For two Samoas, a singular beauty
Stopping for water along a mountain trail on the South Pacific island of Tutuila, I listened to a cheerful birdcall pierce the leafy tangle of rain forest surrounding me.
"That's the tiotala," said Pua Tuaua, a ranger working for the American Samoa National Park and my guide for the morning. "When a group of them come together and give a certain cry, rain is coming."
Tuaua said this small, blue and white kingfisher was just one of many native birds vital to the Samoan people, who first traveled by sea to the volcanic archipelago 3,000 years ago.
"Even today, we still listen for the tiotala to tell us what kind of day it's going to be," he said.
Although still in its infancy, American Samoa tourism is growing, welcoming more than 15,000 travelers from the 50 U.S. states in 2012, 4.5% more than in 2011, according to the territory's tourism bureau.

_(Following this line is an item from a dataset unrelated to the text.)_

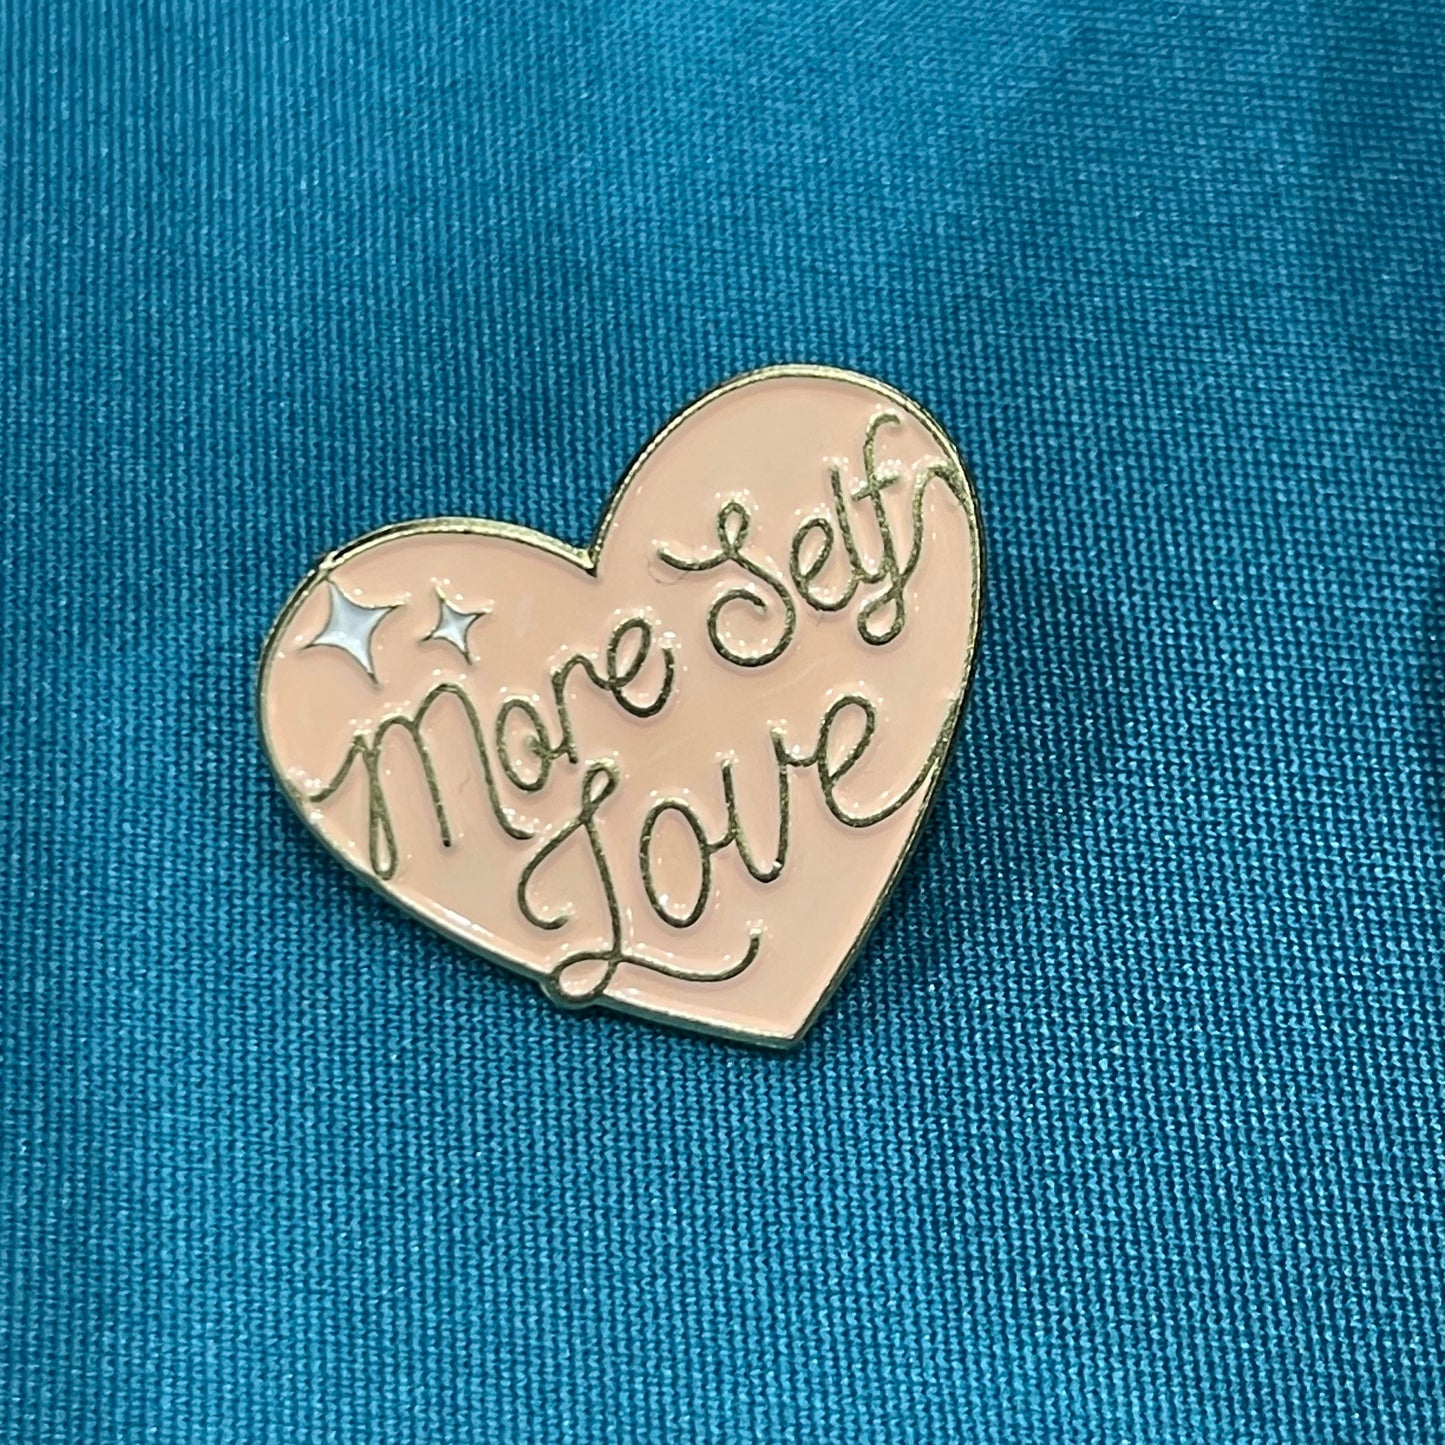 More Self Love - Enamel Pin

One of the main attractions is certainly the national park land that travelers can explore across three islands.
My hike with Tuaua over the saddle of one of Tutuila's verdant mountain ranges was relatively short and passed first through pristine rain forest before reaching a remote beach on the park's northern boundary, occupied only by seabirds; warm, blue water; and jaw-dropping vistas of the rocky coastline.
"It's that untouched quality, I think, that makes this place so appealing from a tourism standpoint," Russ Cox, a boat captain working for Pago Pago Marine Charters, told me the next day. "Hiking, fishing, diving, snorkeling, there's just so much to do and see."